The problem
Without including any pictures, reproduce the full listing exactly.

Supplied data
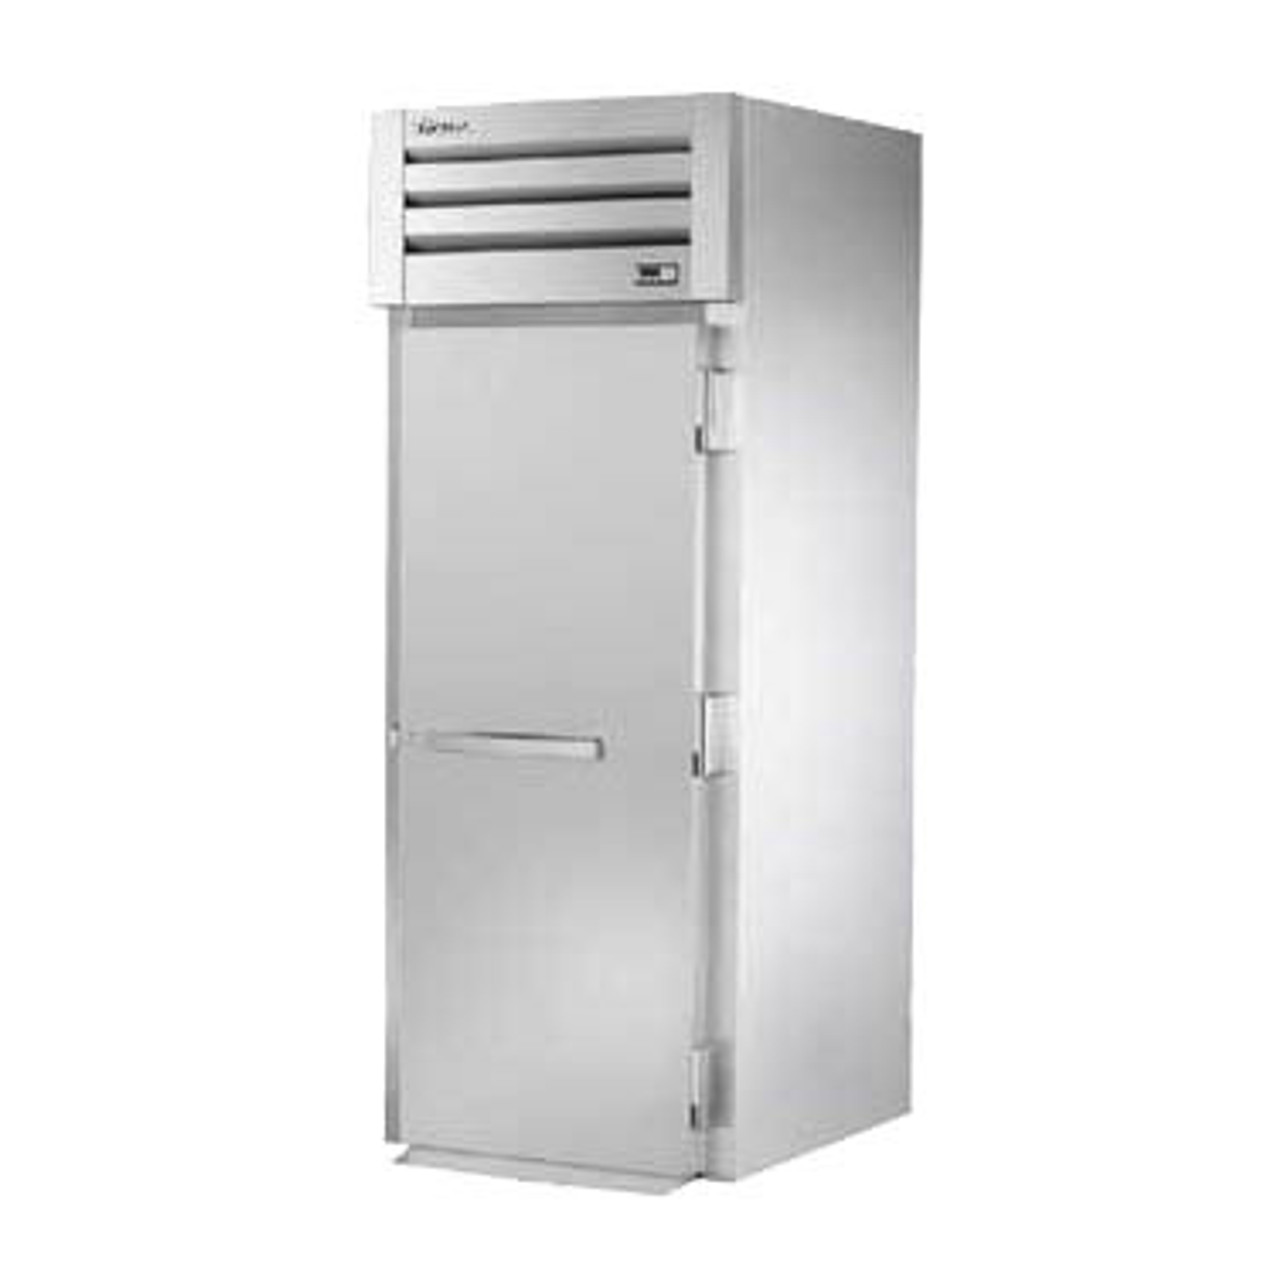 True Manufacturing STG1RRI-1S Spec Series 1 Section Roll In Refrigerator with Solid Door - Aluminum Sides & Interior
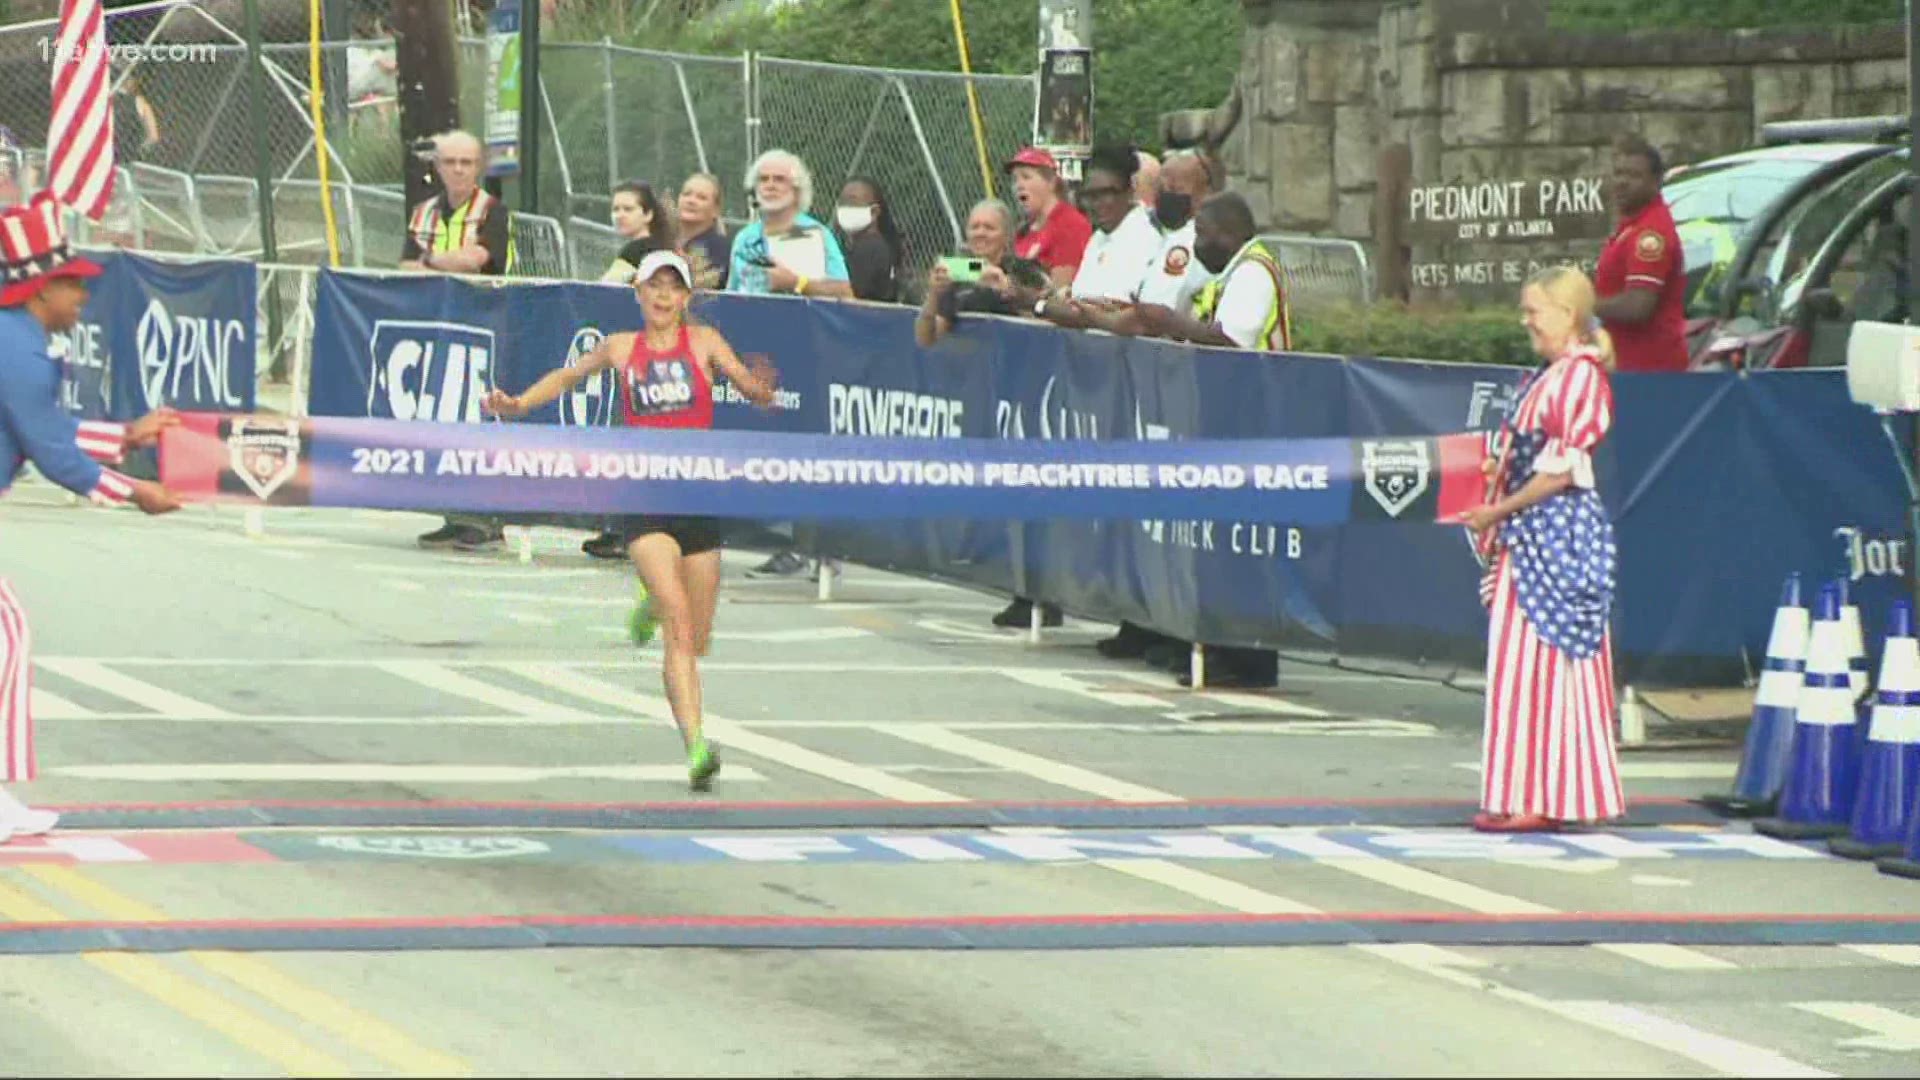 Jessica Smith of Philadelphia was first across on Saturday morning among the women runners.
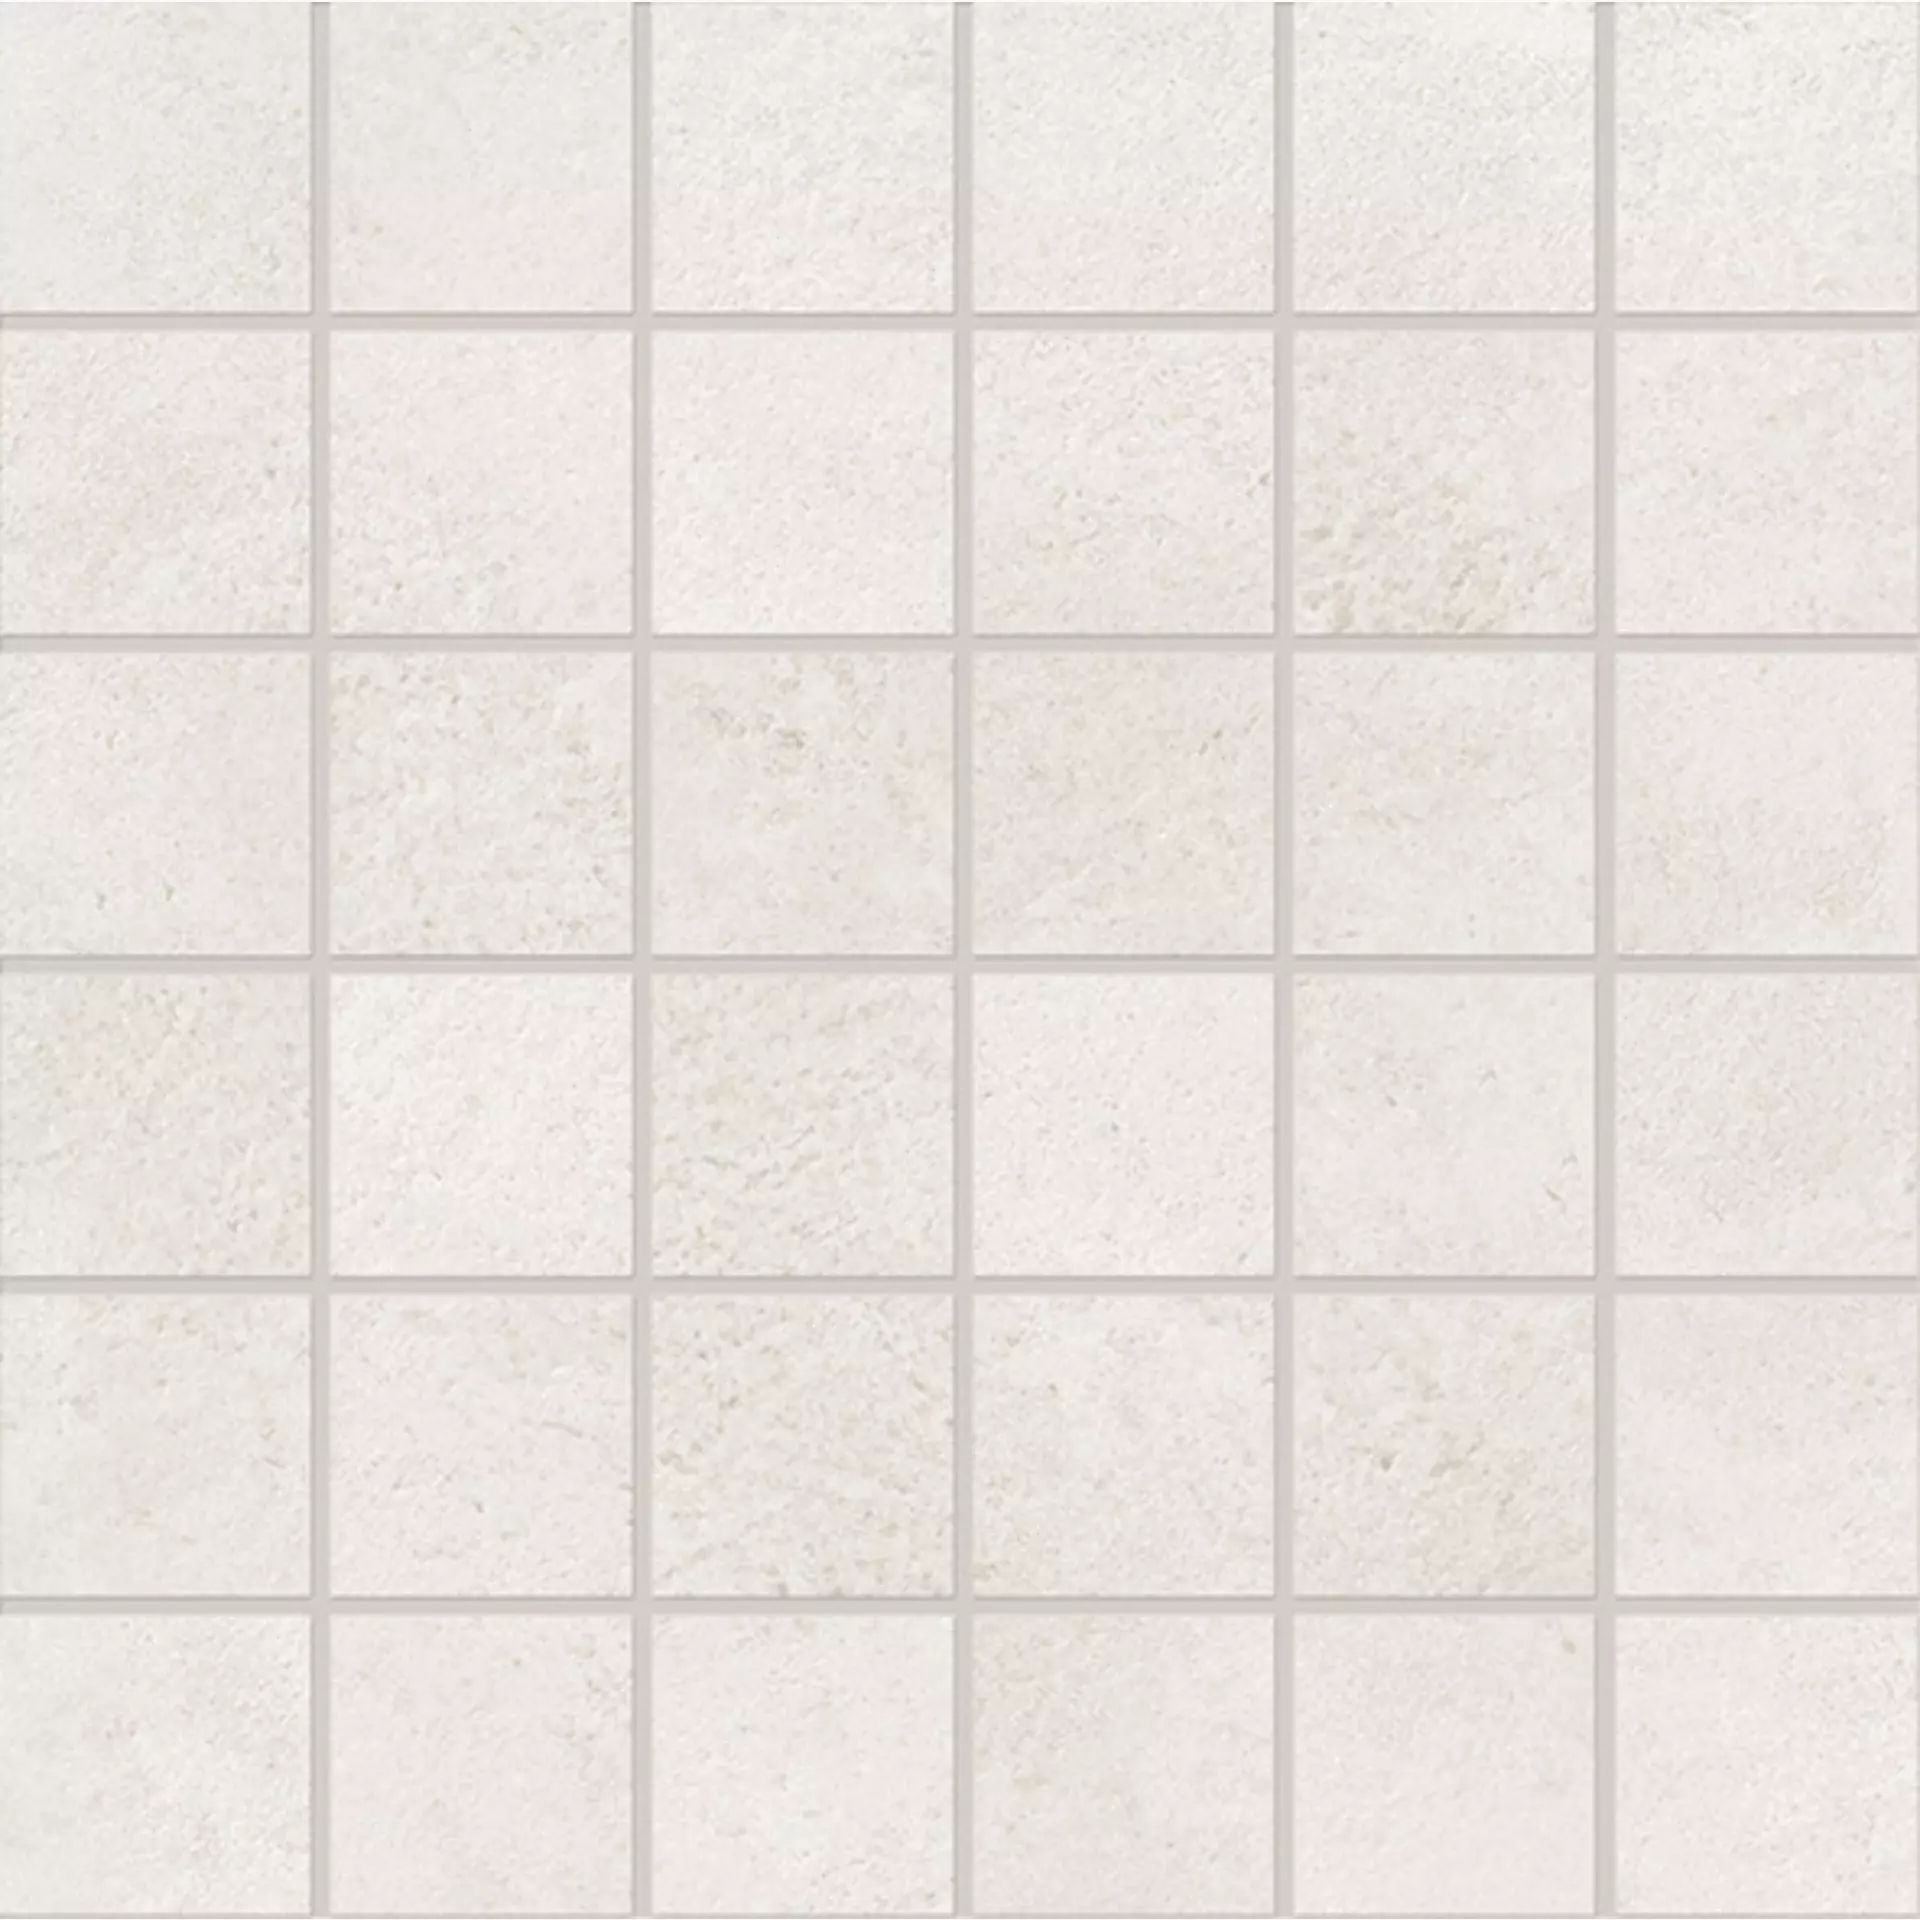 Supergres Colovers Love White Naturale – Matt Mosaic LSHS 30x30cm rectified 9mm

Task response
 True Manufacturing STG1RRI-1S Spec Series 1 Section Roll In Refrigerator with Solid Door - Aluminum Sides & Interior
 Jessica Smith of Philadelphia was first across on Saturday morning among the women runners.
 Supergres Colovers Love White Naturale – Matt Mosaic LSHS 30x30cm rectified 9mm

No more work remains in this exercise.